O governo Dilma cortou verbas de revistas e jornais, provocando o ódio destes veículos, e direcionou uma quantidade ridícula de recursos para os blogs, que ficaram assim duplamente vulneráveis: ficaram sob a mira da grande mídia, que achou que eles estavam recebendo o dinheiro que o governo deixou de aplicar nela, e ao mesmo tempo os blogs recebiam, na verdade, e mesmo assim só um punhado de pouquíssimos blogs, uma quantidade miserável de recursos, insuficientes para qualquer mudança de qualidade no serviço oferecido ao leitor.
A maneira óbvia de criar qualquer mudança efetiva teria sido fazer um investimento maciço na internet, em milhares de blogs, não em 15 blogs, ou melhor ainda, criar um sistema de publicidade randômico, destinado a todos os blogs cadastrados na Secom. Assim não deixaria esses 15 tão vulneráveis a campanhas de difamação por parte da grande mídia e de seus cães de guarda na blogosfera conservadora.
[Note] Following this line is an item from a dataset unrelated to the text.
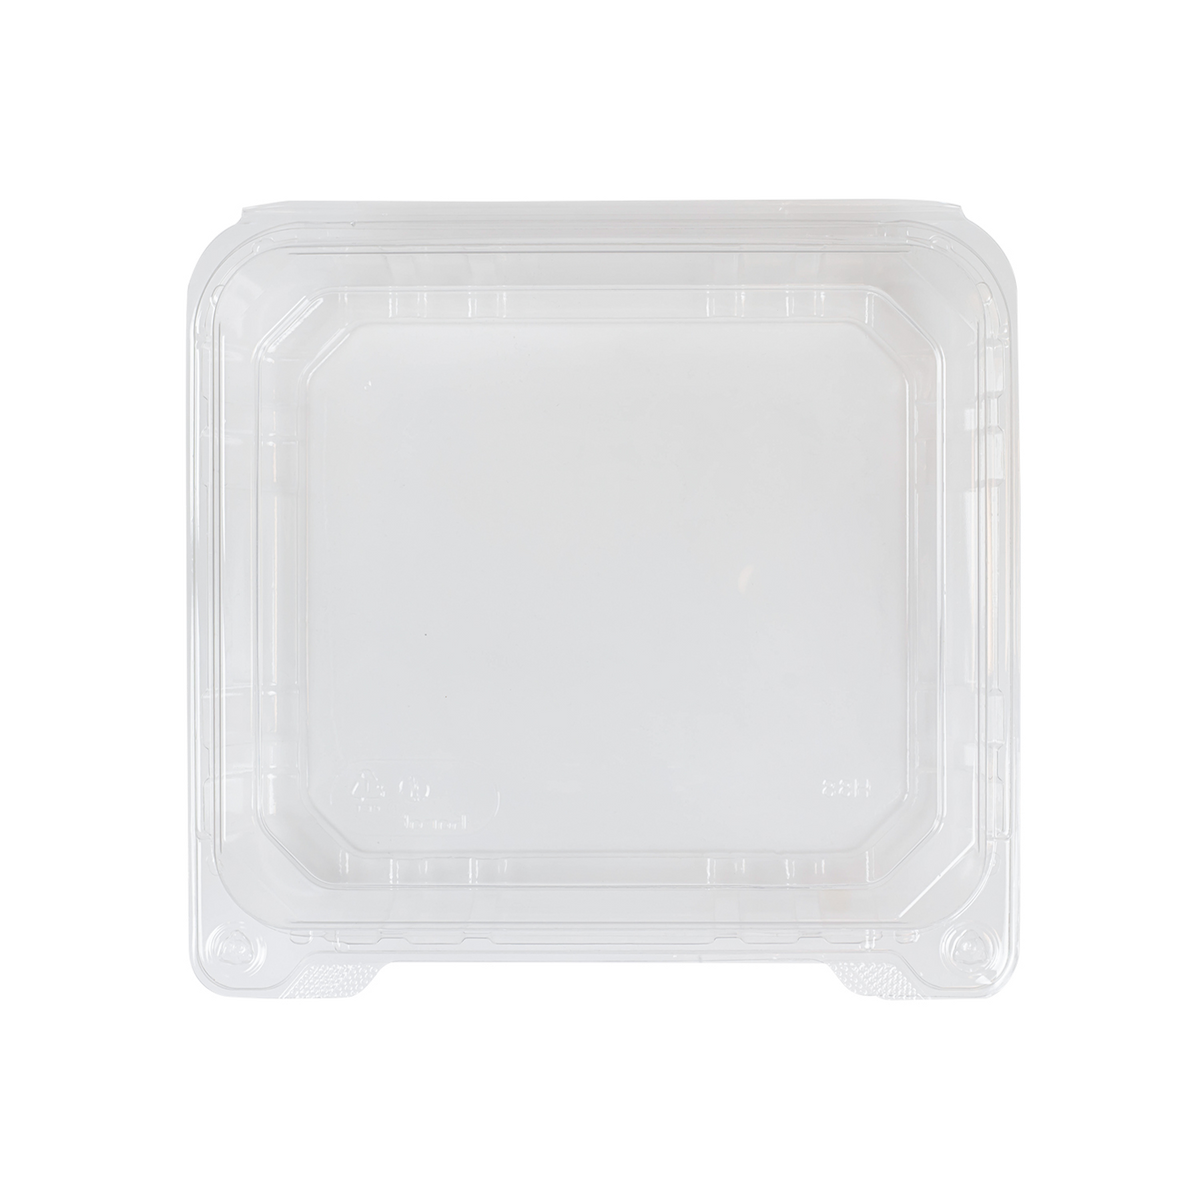 Plastic Carryout / Containers, Containers / Carryout, Food Service

A estratégia de “pulverizar” as verbas publicitárias para jornais do Brasil inteiro, embora tenha parecido muito democrática à primeira vista, foi excessiva, superficial, demagógica: o número de contratos com valores absolutamente irrisórios é assustador. Uma verba de poucos milhares de reais, para um jornal ou blog, evaporam-se esterilmente, sem permitir que se contrate uma redação, que se faça uma reportagem mais aprofundada.
Nem Franklin Martins, na era Lula, com toda a sua experiência de jornalismo, jamais pensou nisso: que a pulverização jamais criaria núcleos profissionais de jornalismo. Era preciso diversificar sim, quebrar o oligopólio, mas também promover políticas públicas que permitissem o surgimento de núcleos profissionais de jornalismo, como fez Getúlio Vargas, ao investir na criação da Última Hora.
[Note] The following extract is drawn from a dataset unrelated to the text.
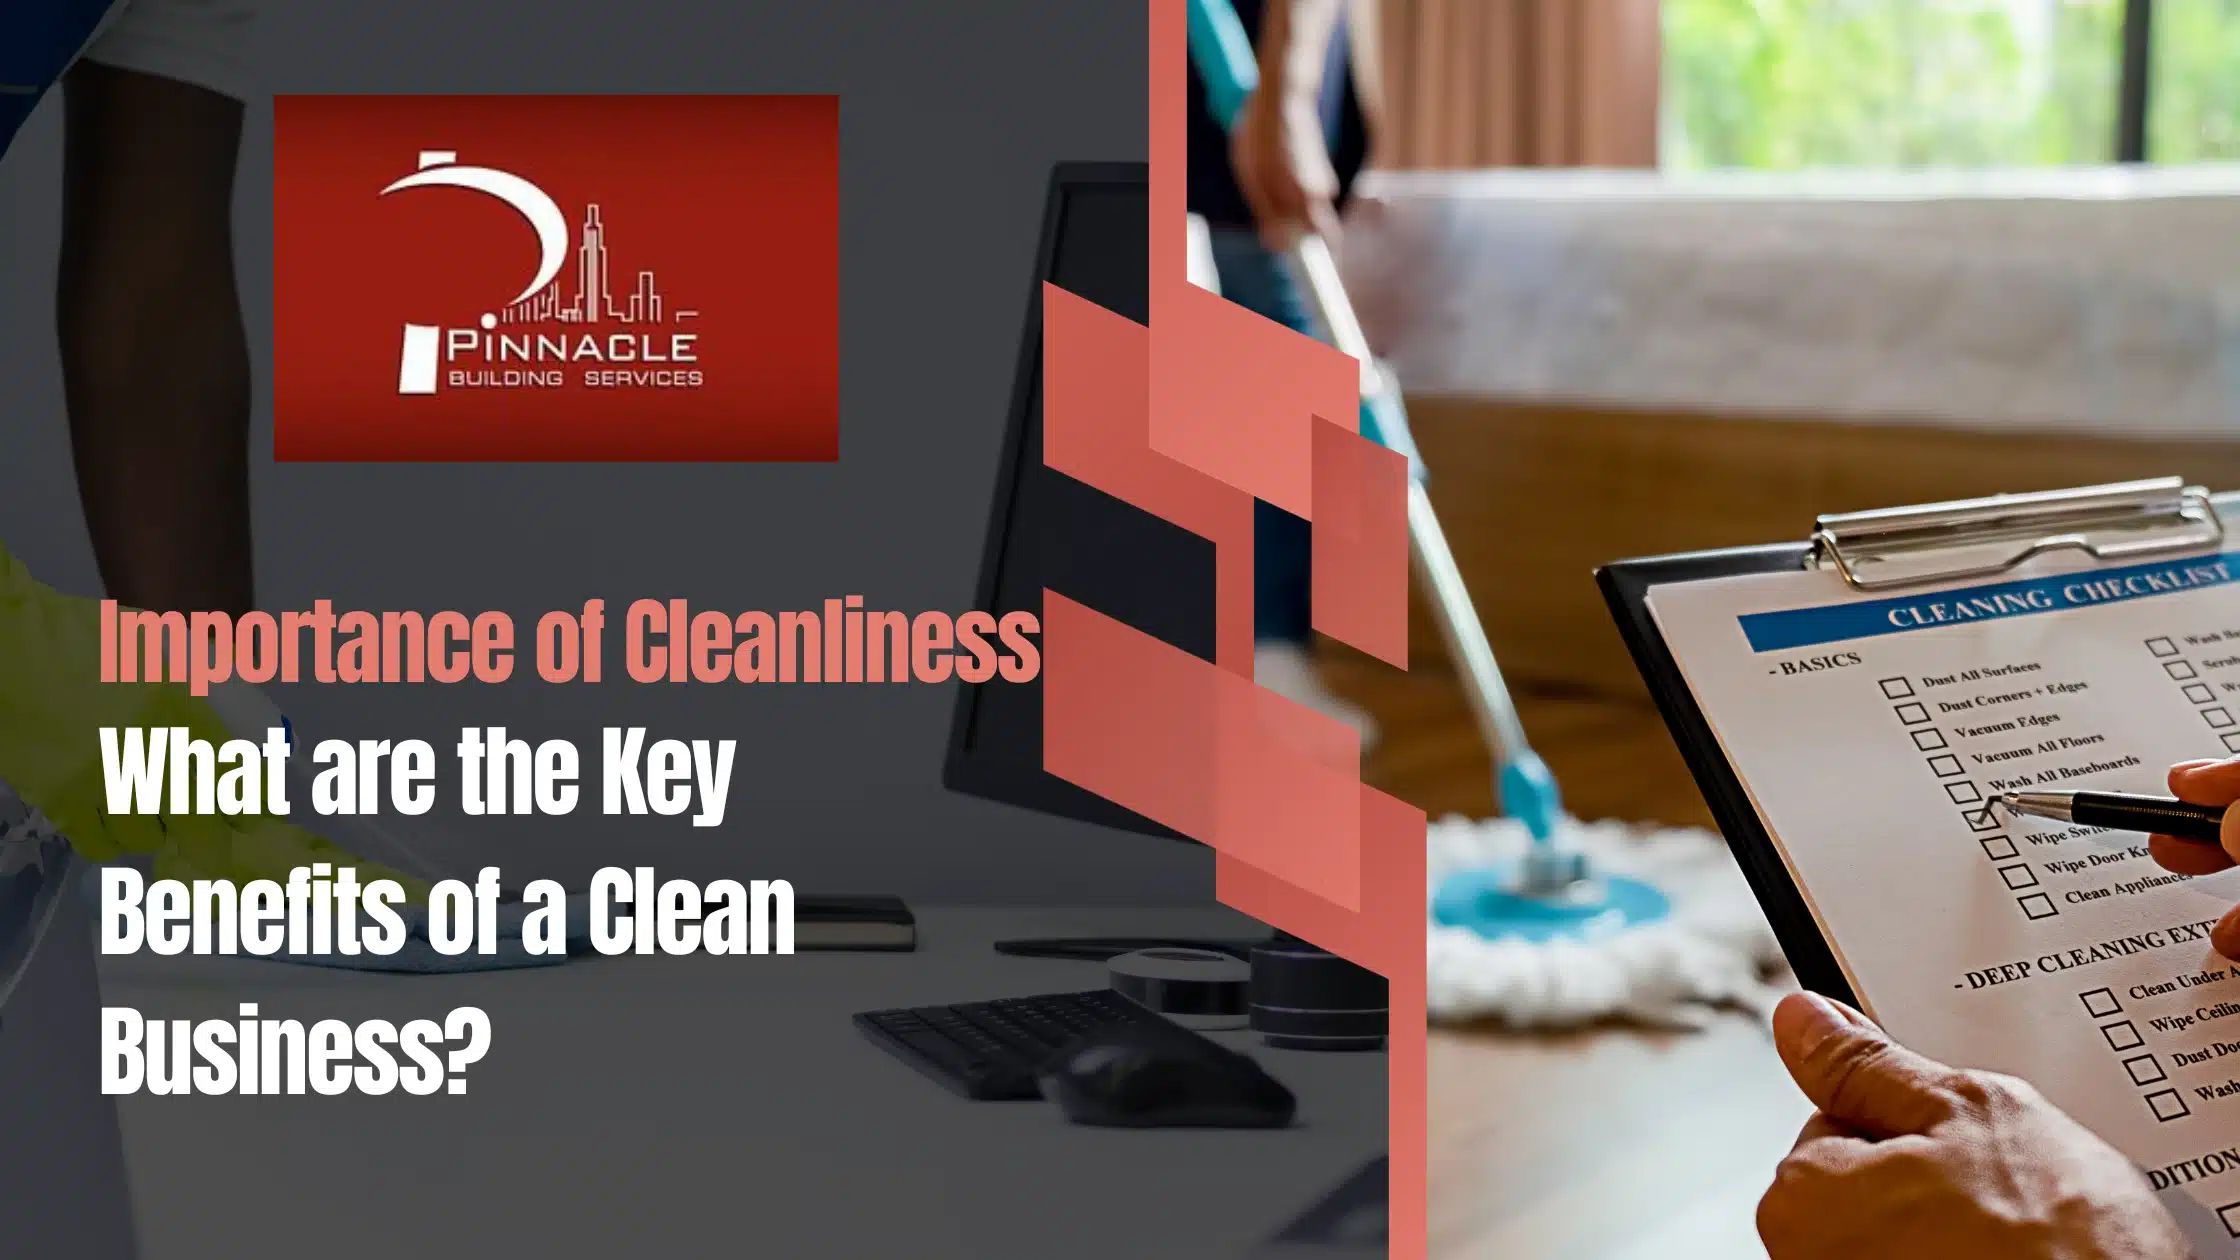 Importance of Cleanliness

Há coisas piores no uso dos recursos pelo governo Dilma. No item TV, veículos como Sony, Turner, Fox Latin America, ganhavam muito mais do que todas as tvs comunitárias reunidas ou mesmo a EBC. Para se ter uma ideia, de maio a agosto de 2015, enquanto a EBC recebeu ridículos R$ 220 mil da Secom, a Globo recebeu R$ 11 milhões, a Fox Latin America R$ 790 mil, a Turner R$ 655 mil, a Sony R$ 342 mil e a Discovery R$ 485 mil.
O governo Temer, de qualquer forma, não perdeu tempo: enquanto os recursos da Secom para a Globo subiram vertiginosamente, o montante destinado à EBC de maio a agosto deste ano caiu 69% em relação ao ano anterior.
Isso sem falar no maior problema de todos: a Globo. O nível de concentração das verbas federais de TV para a Globo, no governo Dilma, foi indecente. Nos quatro meses pesquisados de 2015, maio a agosto, 47% dos recursos federais para TV foram para a Globo.
Temer, porém, soube agradecer bem o apoio dos Marinho ao golpe. De maio a agosto deste ano, apesar da violenta queda da arrecadação federal, os gastos com a TV Globo subiram 23%. Com outros veículos da Globo, como o Jornal Globo e as revistas do grupo, o aumento das verbas foi ainda (muito) maior.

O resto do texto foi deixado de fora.